Si ganar una guerra es empeño dificil, ganar a un tiempo dos resulta peliagudo. Por eso será que a Stalin se le ocurrió una de las típicas genialidades suyas. En seguido empezó a mandar a España, ya que no armas, chequistas y chequistas con pistolas, venenos y cuchillo para satisfacer el deseo ardiente de los congresistas, consistente en matar a cuantos trotskistas se encontrasen, lo cual los chequistas, sin soltar sus pertrechos, procedieron a hacer en el acto.

Los intelectuales estalinistas, enchufados en la vida y la muerte españolas por medio del Congreso, no podían estar más satisfechos. Sólo mi partido, que era el POUM -al que ellos, exasperadísimos, llamaban trotskista, fascista y espía-, podía proporcionarles millares de víctimas. Los sindicalistas, más miles aún. Todavía más, los socialistas; y muchísimos millares más, los anarquistas. Para los intelectuales estalinistas del Congreso, que lo eran todos los que en él estaban y más, España tenía que parecerles, con tanta matanza en perspectiva, algo así como la materialización del paraíso.

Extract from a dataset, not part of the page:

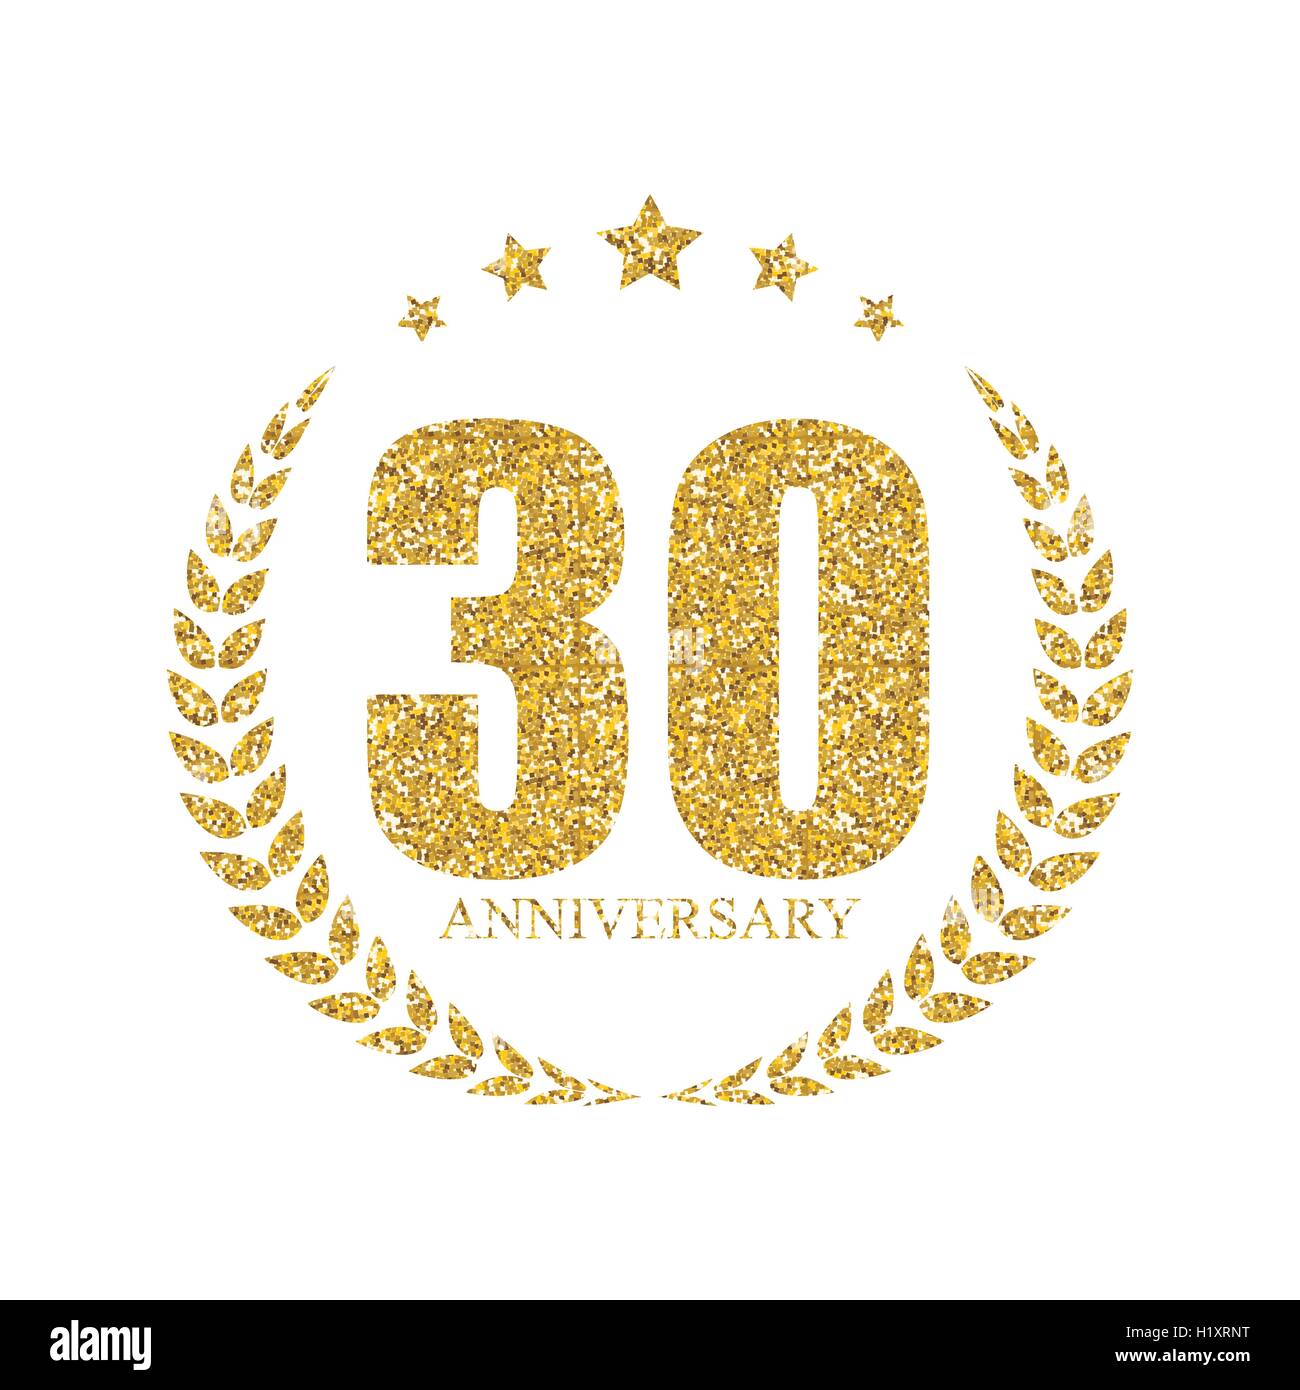 30 ans anniversaire Logo du modèle Vector Illustration Illustration de Vecteur

Por si todo ello fuese poco, el congreso intelectual sumó a sus culturales y bélicos apetitos la posibilidad de ampliar el negocio estalinista que representaba, emprendiendo la persecución de los trotskistas- fascistas-espías extranjeros. Esta lista la inauguró André Gide, quien acababa de publicar su libro Retour de l’URSS, una crítica del comunismo ruso. Ello bastó, si no a la experiencia, sí a la obediencia de los congresistas parea tachar a Gide de espía, traidor, trotskista y demás lindeces, sin ni siquiera agradecerle la enormidad de las posibles matanzas extranjeras que tan suculentamente se les descubría. Para eso sirvió el Congreso, del que hoy sobreviven participantes satisfechos de su papel en tal farsa sangrienta.

Los escritores congresistas jamás alzaron su protesta contra las calumnias y los asesinatos que ellos, al contrario, atizaban con su miserable estupidez. Las matanzas estalinistas crecían y se extendían por todas las Rusias y por todas las Españas, en éstas mano a mano entre estalinistas por un lado y fascistas por el otro. Los escritores congresistas pedían chequistas y sangre, y sangre y chequistas les servía Stalin a más no pedir. Según el criterio de los congresistas, los ciudadanos españoles tenían que ser estalinistas a la fuerza, como si constituyese una obligación nacional el volverse soplón y asesino. Si no, ¡al paredón!, igual que en Rusia.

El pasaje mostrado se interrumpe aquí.